**GOAL OF THE EXERCISE:**
Give back the whole listing word for word and skip each picture.

**DATASET CONTENT:**
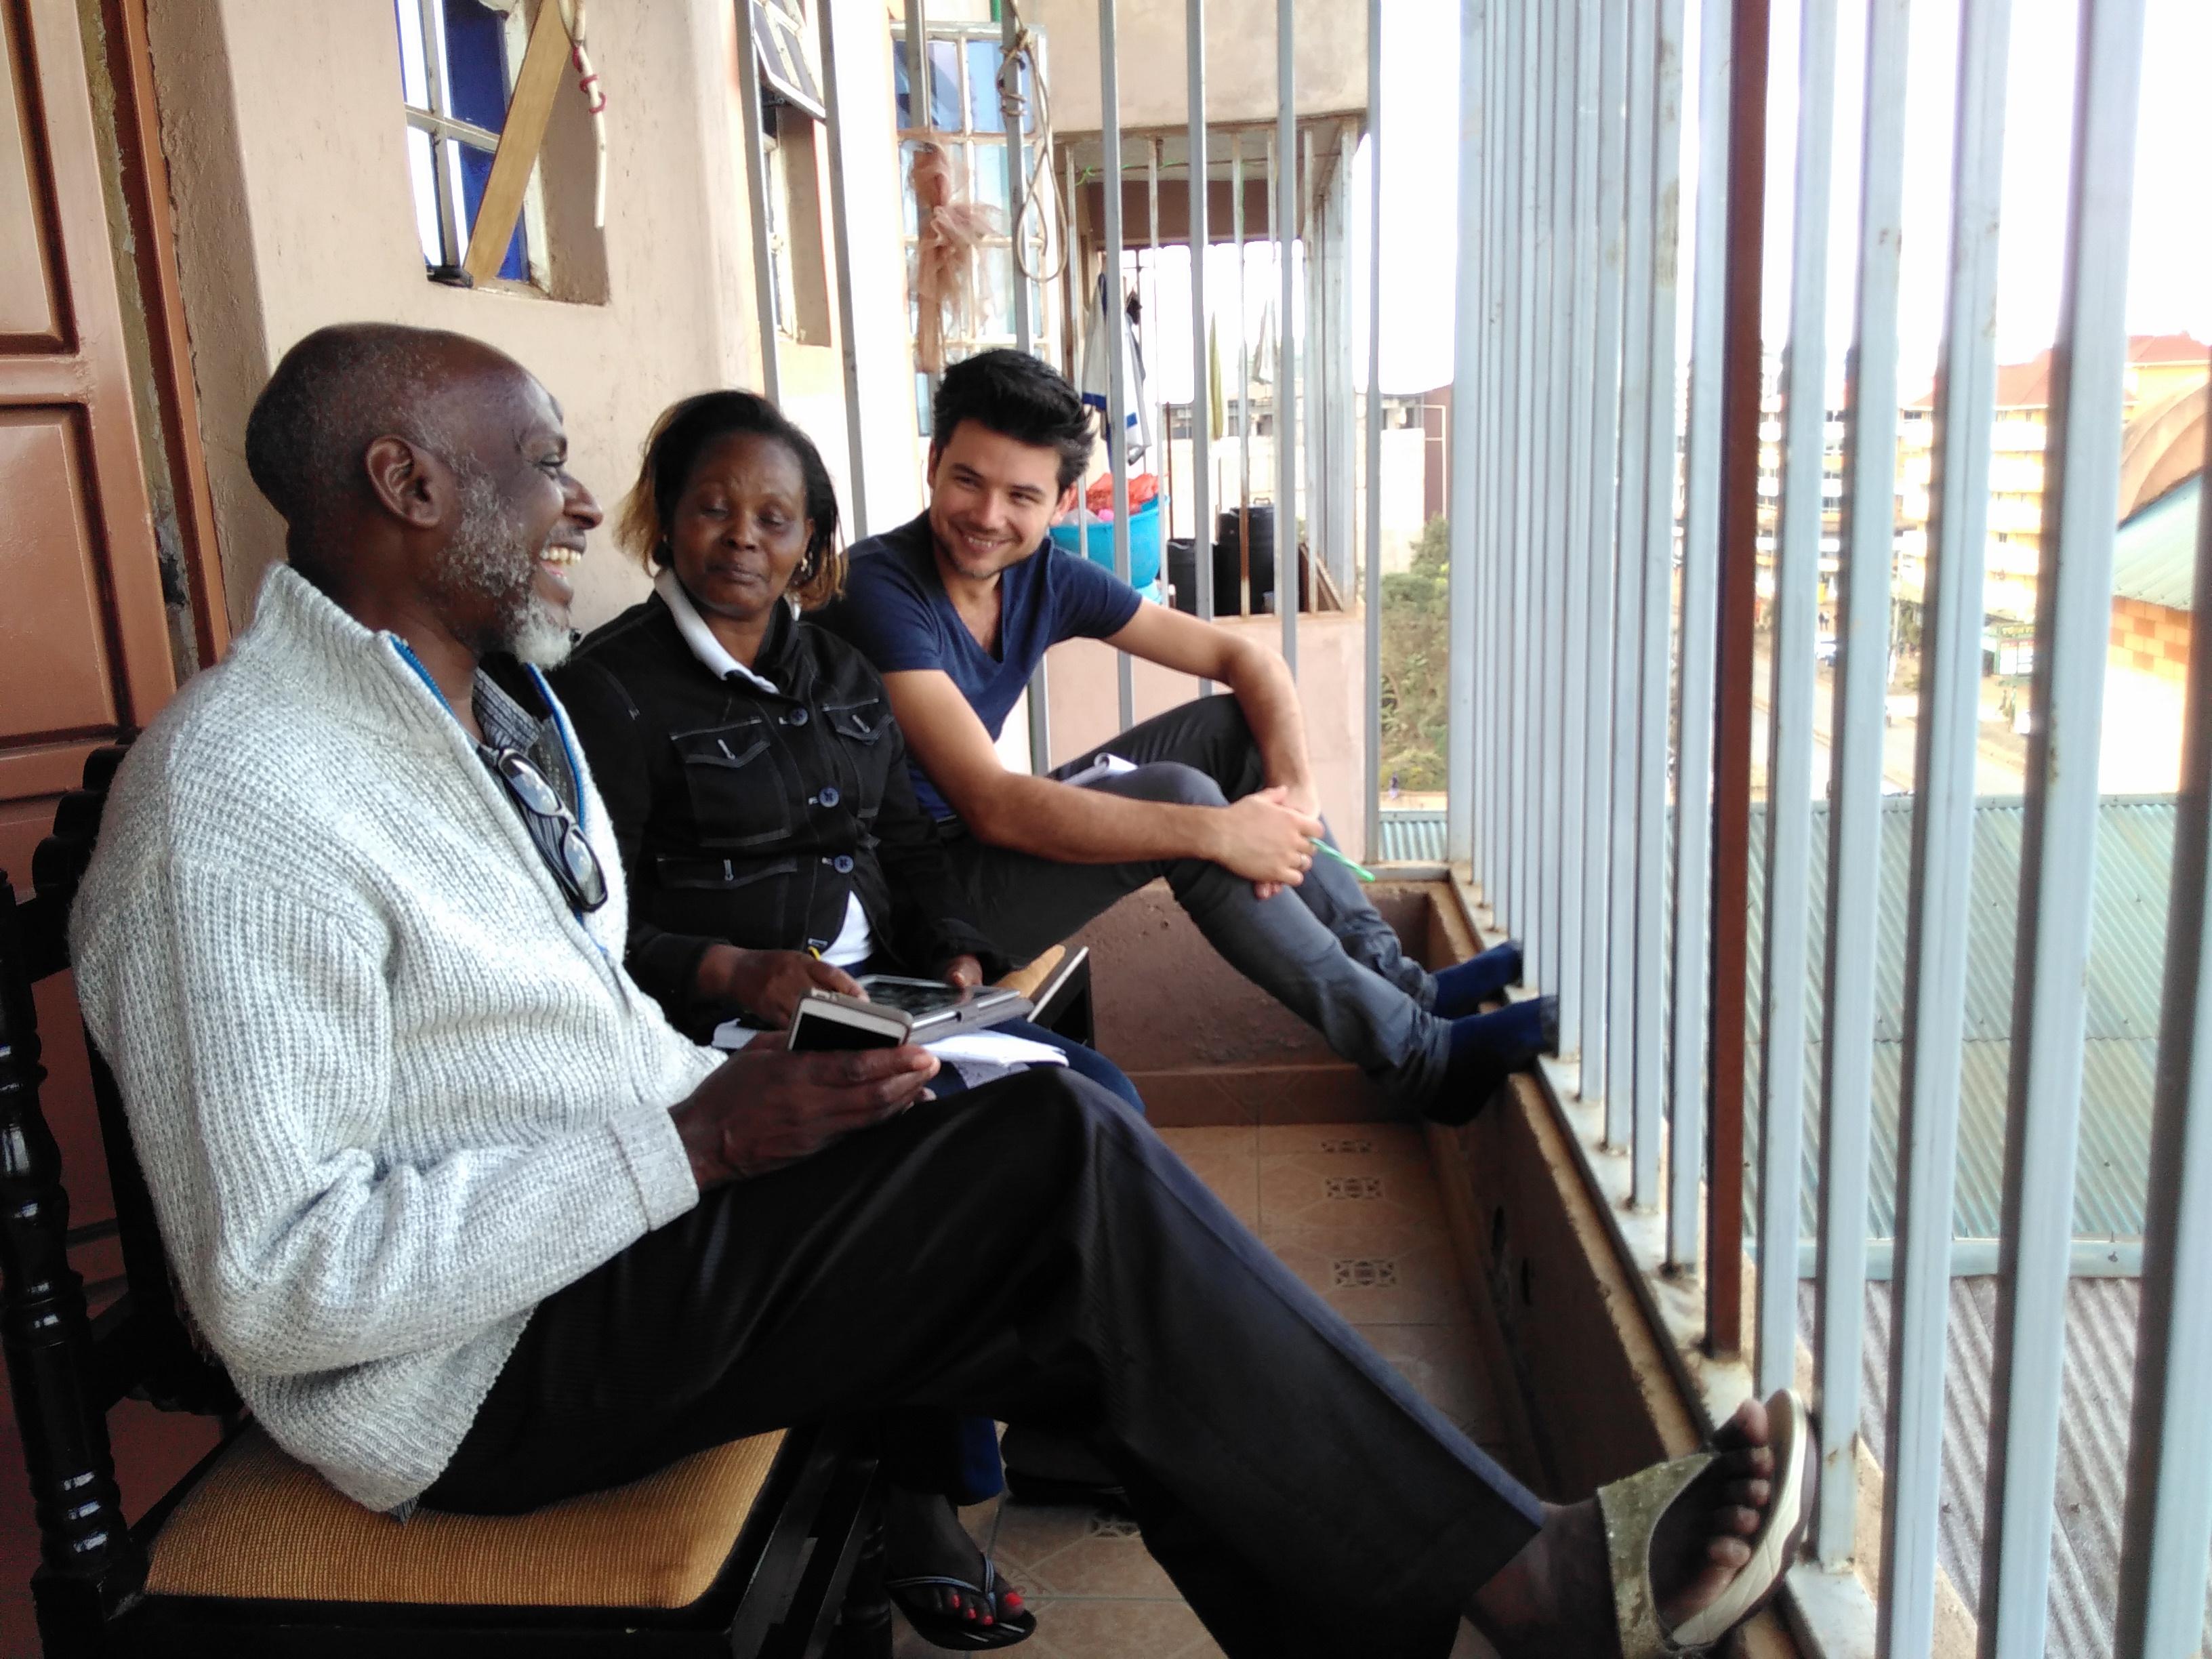 vergadering op het balkon
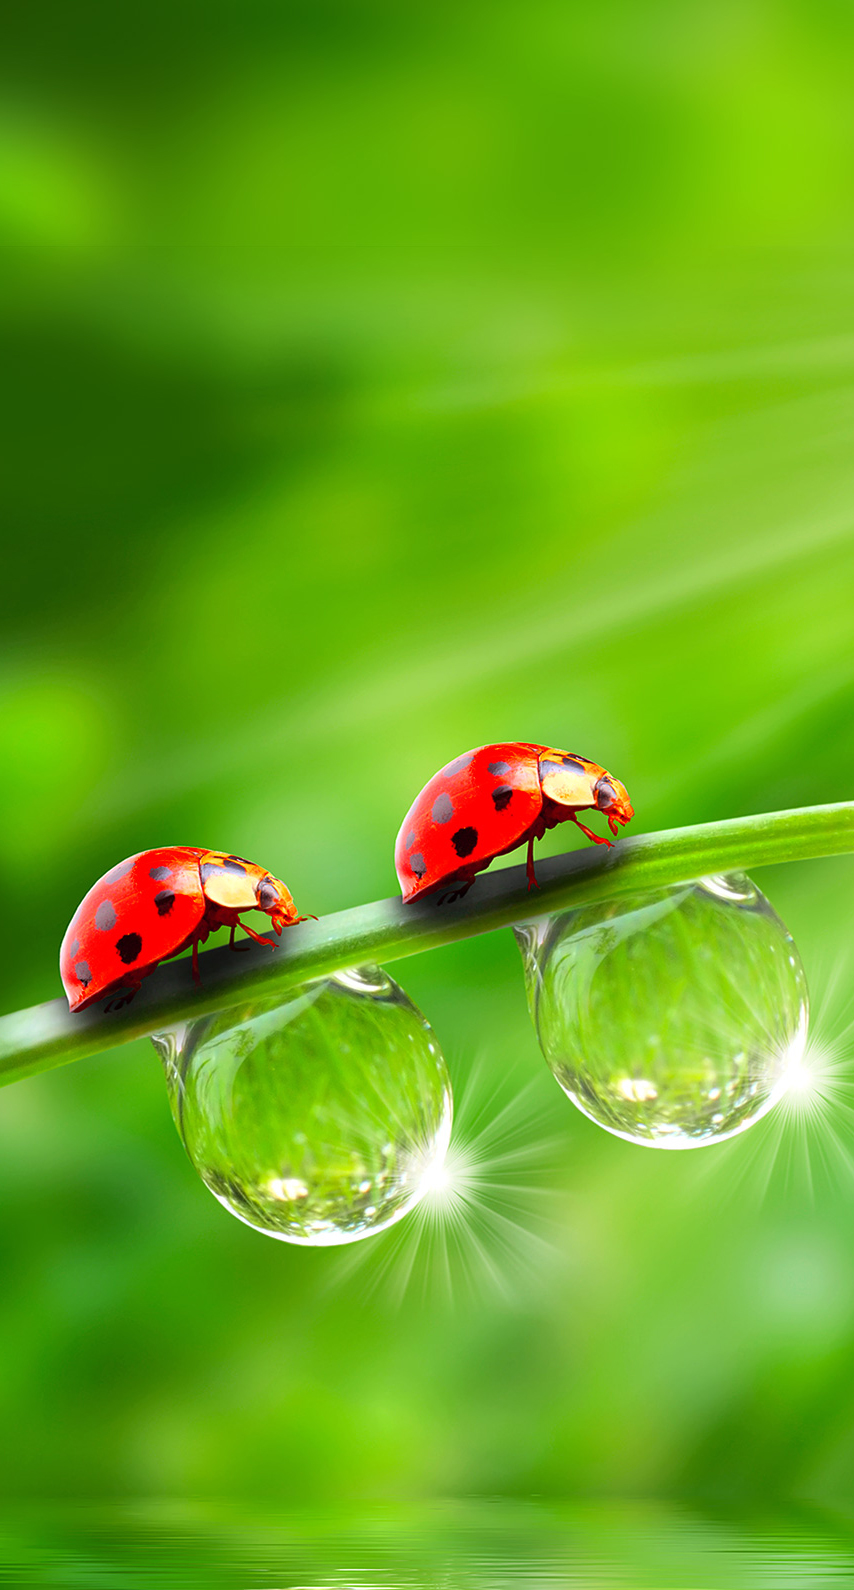 summer, flora, garden, purity, biology, environment, growth, moisture
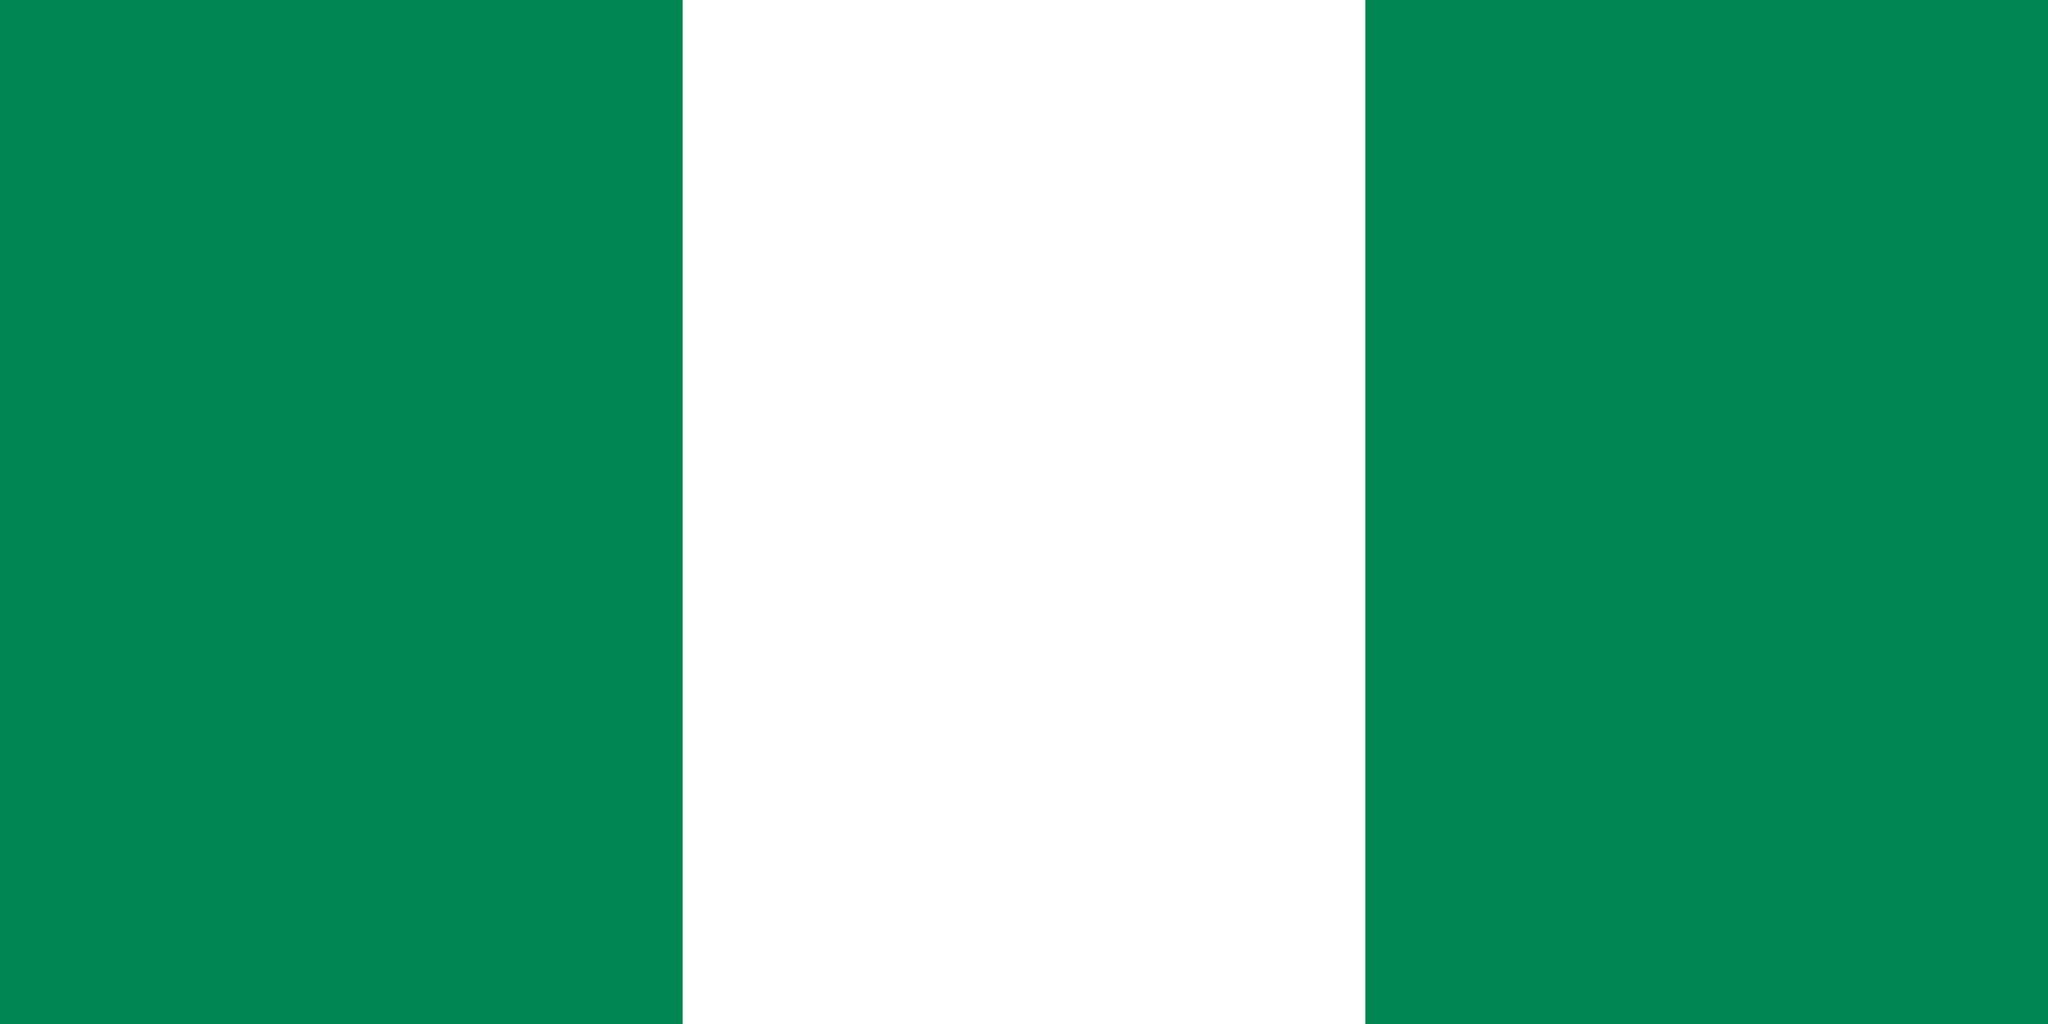 Assez Drapeau du Nigeria, Drapeaux du pays Nigeria DT22

**RESPONSE FOR THIS EXERCISE:**
 vergadering op het balkon
 summer, flora, garden, purity, biology, environment, growth, moisture
 Assez Drapeau du Nigeria, Drapeaux du pays Nigeria DT22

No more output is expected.